Wertermittlung Haus – wie Sie es richtig machen, zeigt Ihnen der Profimakler Hakan Citak, Es gibt viele Beweggründe, sein Haus privat verkaufen zu wollen – oder sogar zu müssen. Sei es, dass die Ehe endgültig in die Brüche gegangen ist, die Immobilie geerbt wurde oder aus Altersgründen ein stolperfallenloses, pflegeleichtes Zuhause gesucht wird etc. Was immer die Initialzündung für Ihre Entscheidung ist: Ihr Vorsatz, den Weg des Verkaufes ohne die Routine eines Maklers zu managen, ist verständlich. Und auch wagemutig, weil er steinig ist.

Dabei ist der größte Felsbrocken den Hauswert selbst ermitteln zu wollen, sprich: die adäquate, marktgerechte Bestimmung des Verkehrswertes und damit des Angebotspreises. Wenn Sie hier nicht gründlich und mit dem nötigen Hintergrundwissen arbeiten, werden Sie – wie so viele Privatverkäufer es aus Unkenntnis tun – eher die wertmindernden Details übersehen, dafür aber die wertsteigernden Aspekte in den Vordergrund stellen.

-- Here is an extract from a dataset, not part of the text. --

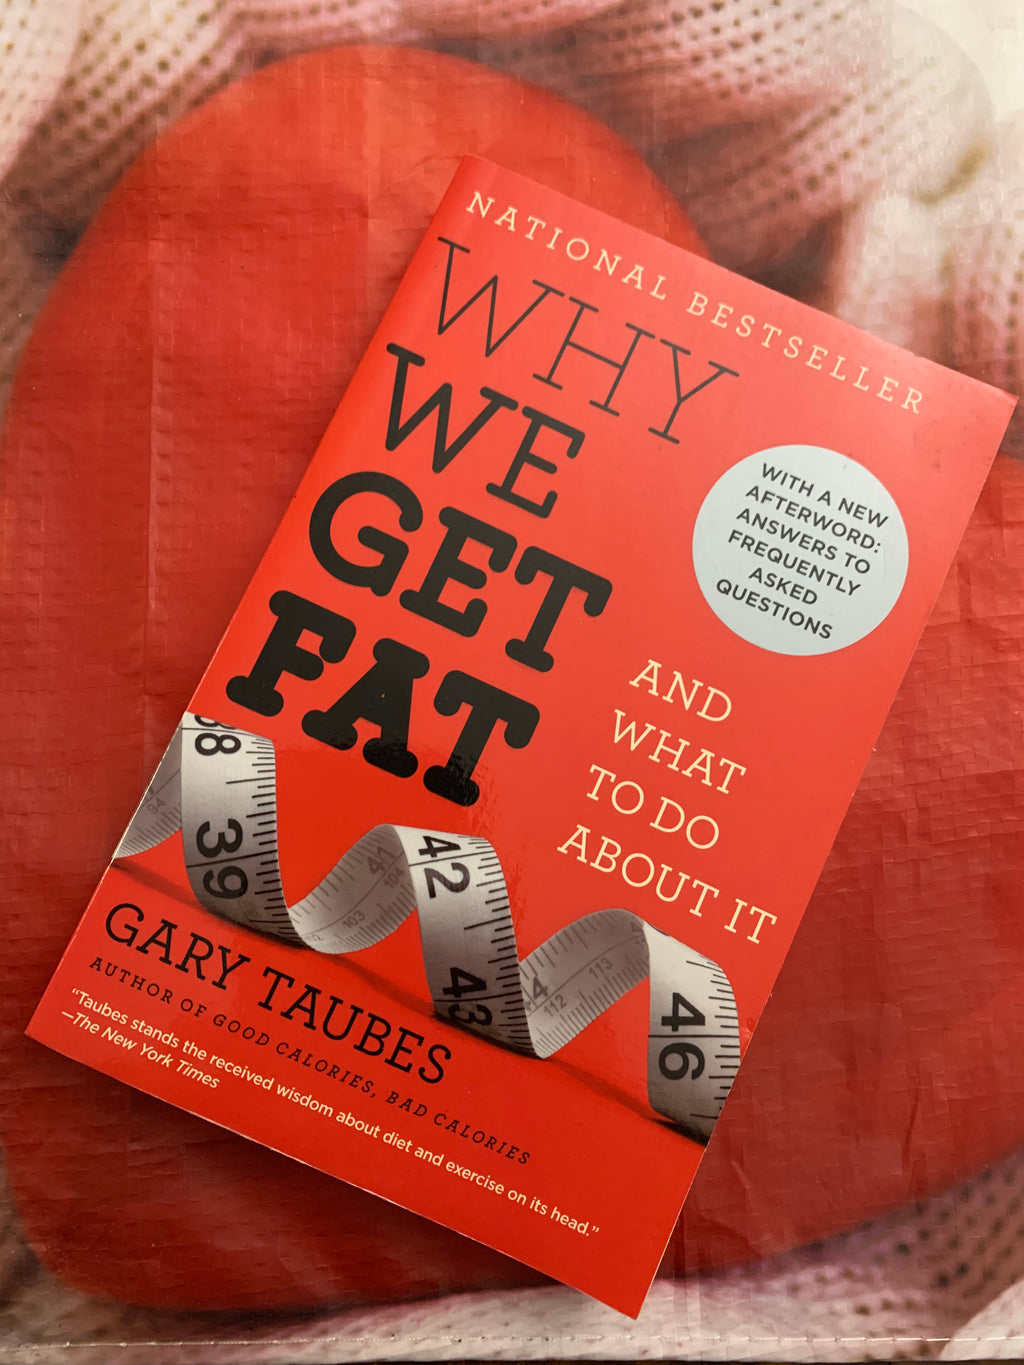 Why We Get Fat and What to Do About It- By Gary Taubes

Letztere fließen dann meist aus subjektiver Sicht ein, haben objektiv jedoch keinerlei Bedeutung für die realistische Wertermittlung.

Das niederschmetternde Resultat: Sie gehen ein hohes Risiko ein, Ihr Vermögen aufs Spiel zu setzen oder Ihre Immobilie wird zum Klotz am Bein, weil Sie die Summe, die Sie auf Ihrem Konto sehen wollen, unter- oder übertreiben.

Wertermittlung Haus – wenn Sie jetzt sagen: „Das muss ich nicht haben“, dann gehen Sie doch einfach so vor:

Nutzen Sie die Immobilien-Raffinesse Ihres erfahrenen ImmoCoaches Hakan Citak und durchschauen Sie mit seinem roten Faden das knifflige Procedere „Wertermittlung Haus“ bis ins letzte, wichtige Detail:

Der Unterschied zwischen dem richtigen Wert und dem beinahe richtigen ist derselbe wie zwischen dem Blitz und einem Glühwürmchen.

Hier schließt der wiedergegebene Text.